= Beginning of Section =

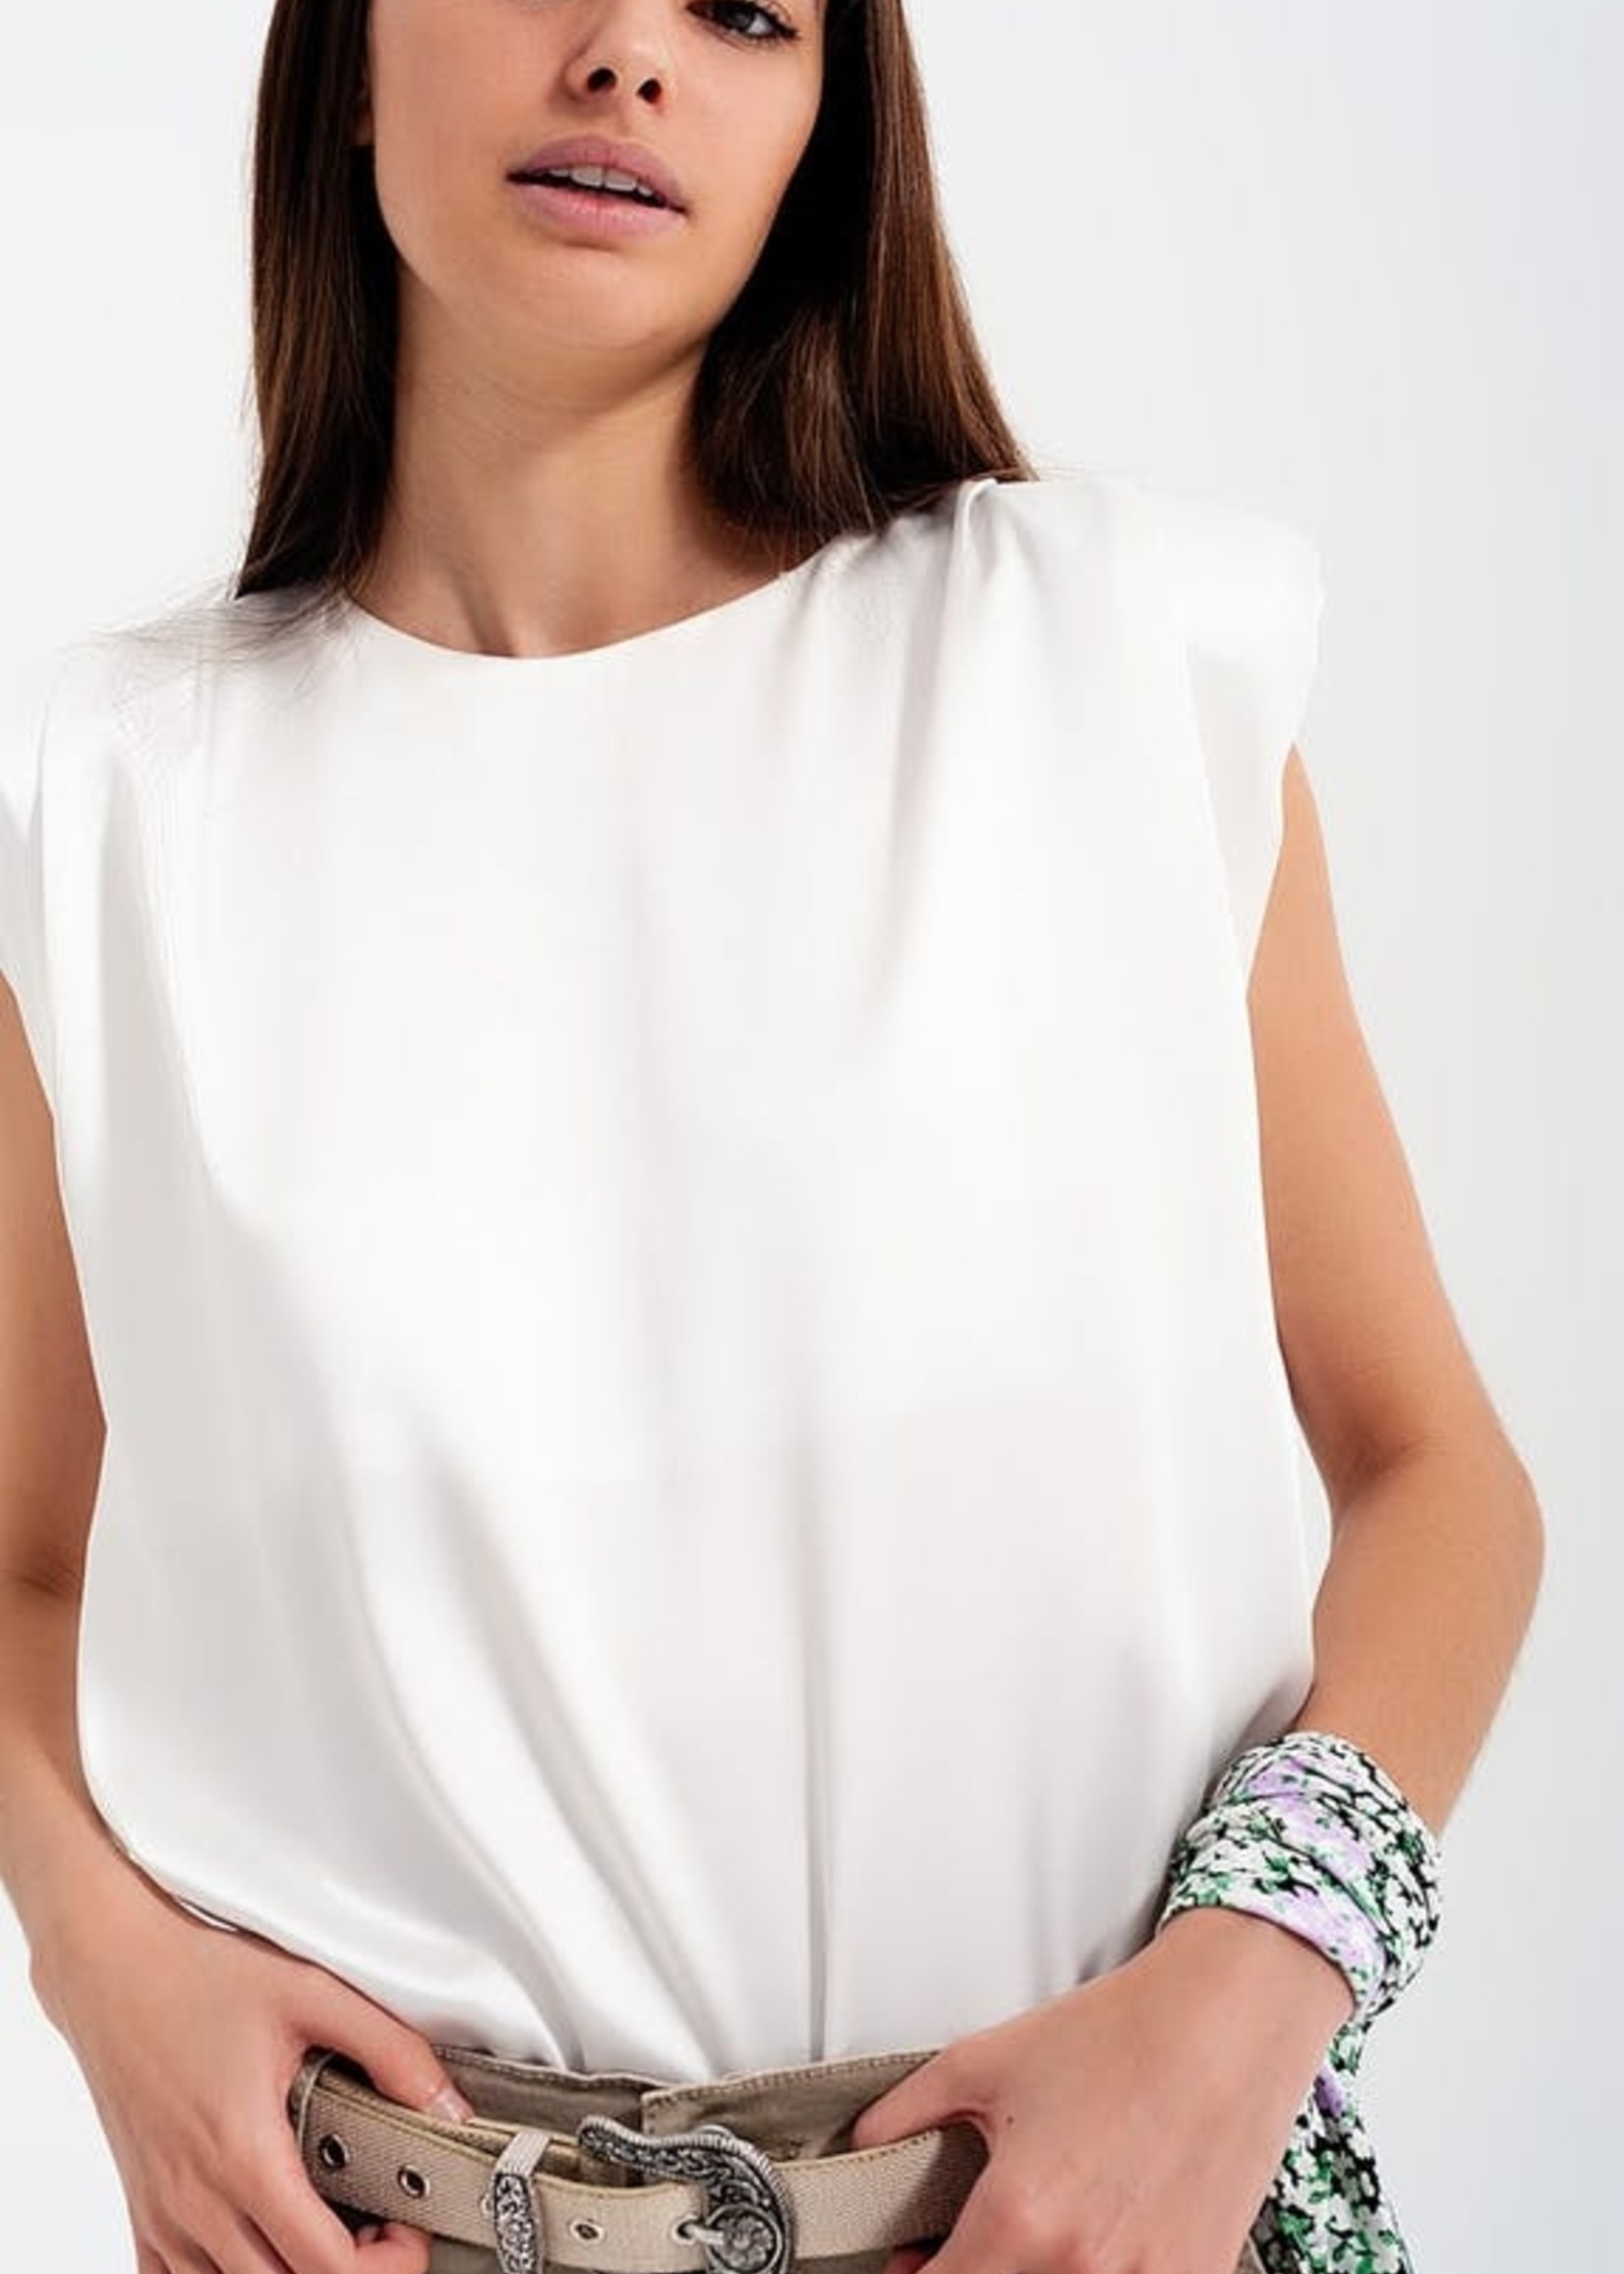 Q2 Gathered satin shoulder pad sleeveless top in white
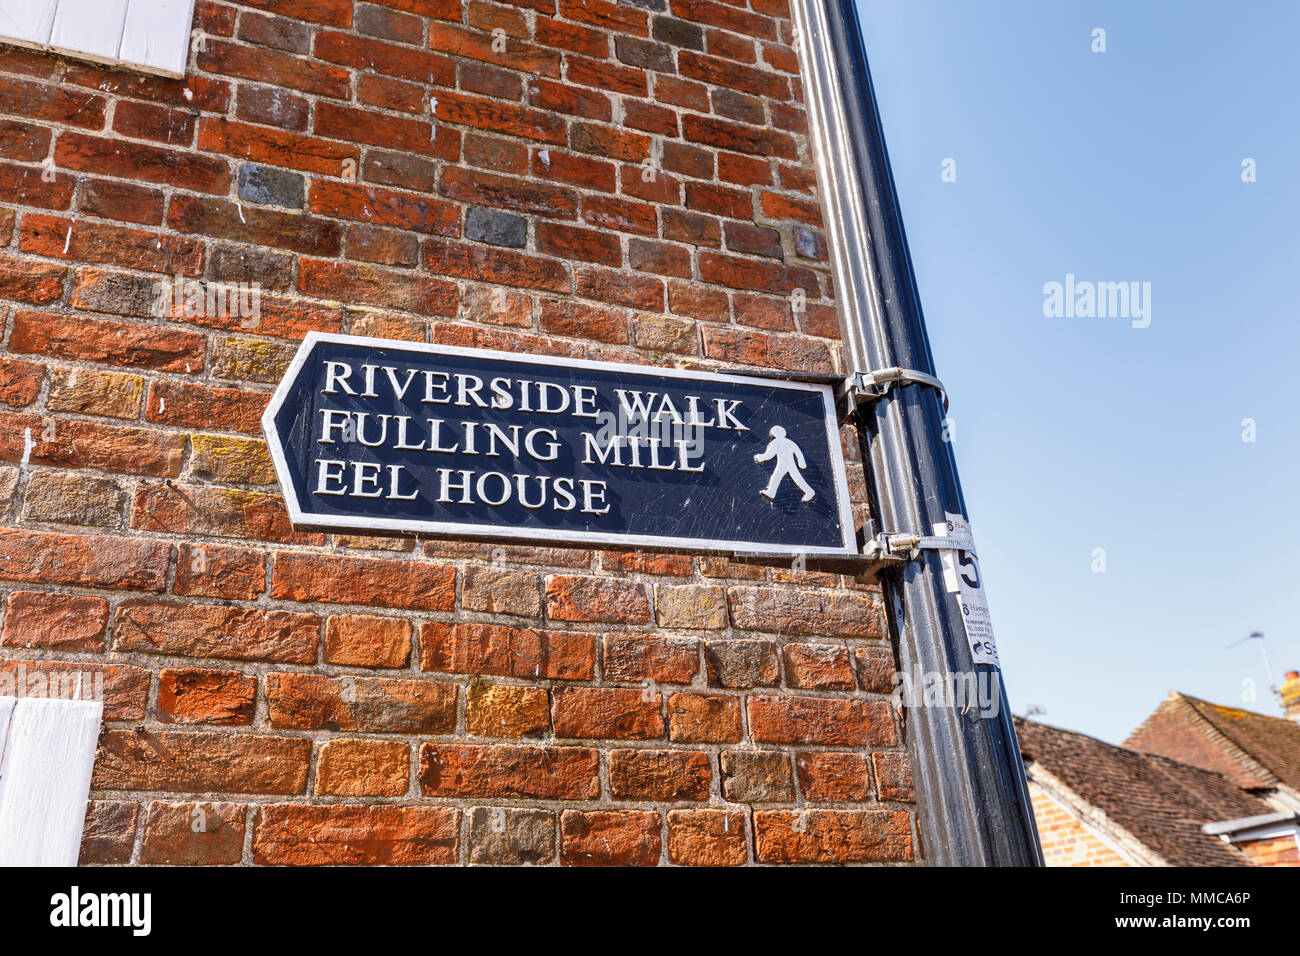 Sign pointing to the Riverside Walk, Fulling Mill and Eel House, local walks & attractions in New Alresford, a small town or village in Hampshire, UK Stock Photo
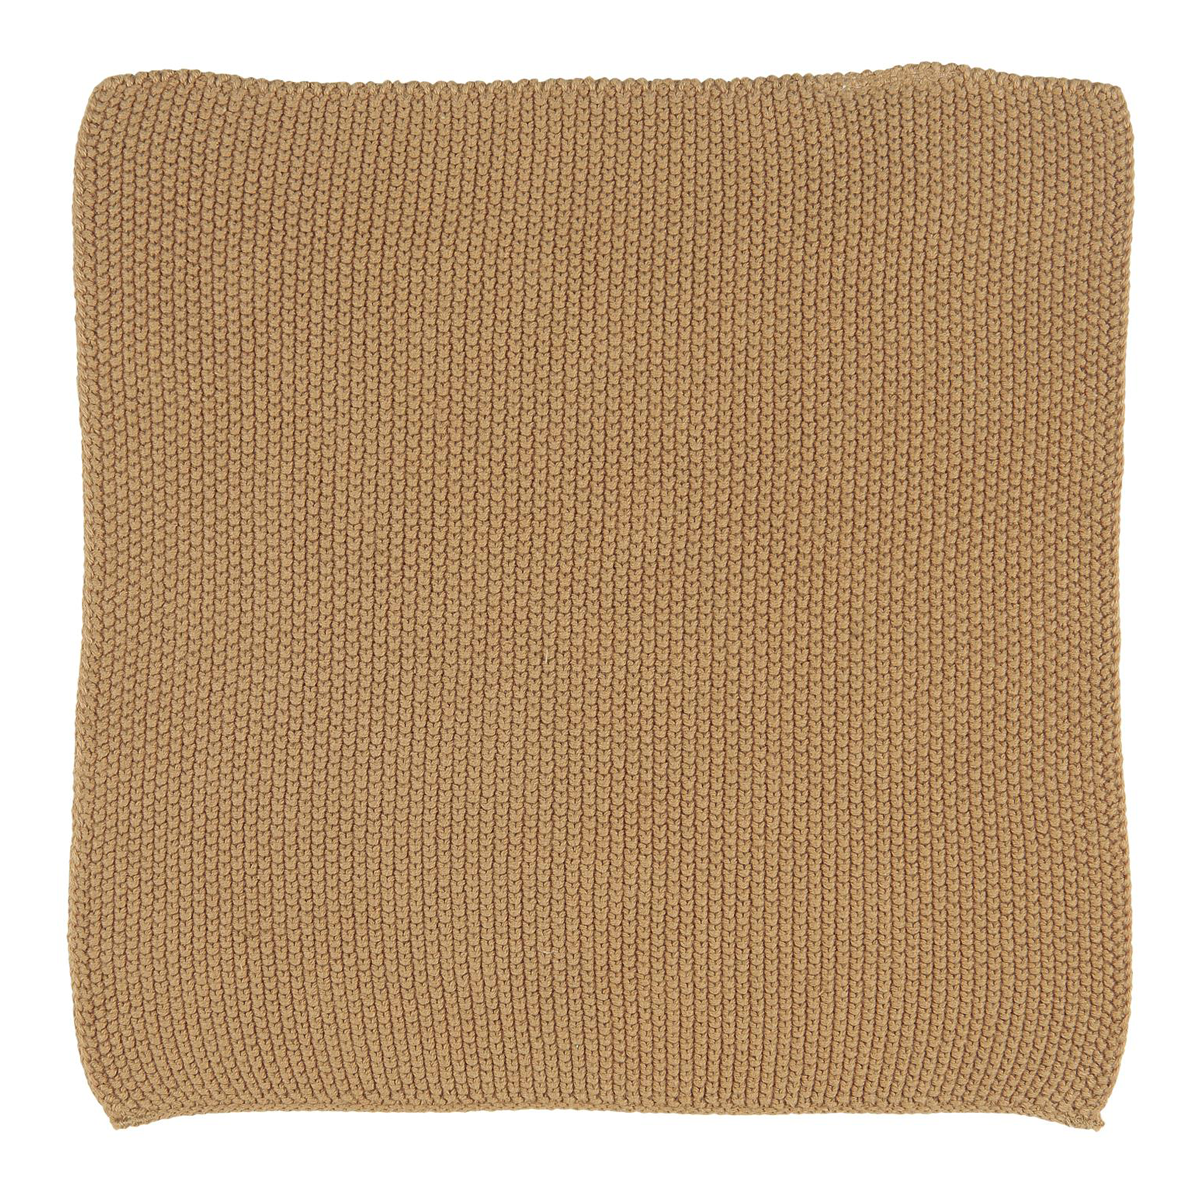 Amber Knitted Cotton Cloth

= End of Section =

Action item = An exact transcription of the material is required, without any pictures.

Problem solution =
 Q2 Gathered satin shoulder pad sleeveless top in white
 Sign pointing to the Riverside Walk, Fulling Mill and Eel House, local walks & attractions in New Alresford, a small town or village in Hampshire, UK Stock Photo
 Amber Knitted Cotton Cloth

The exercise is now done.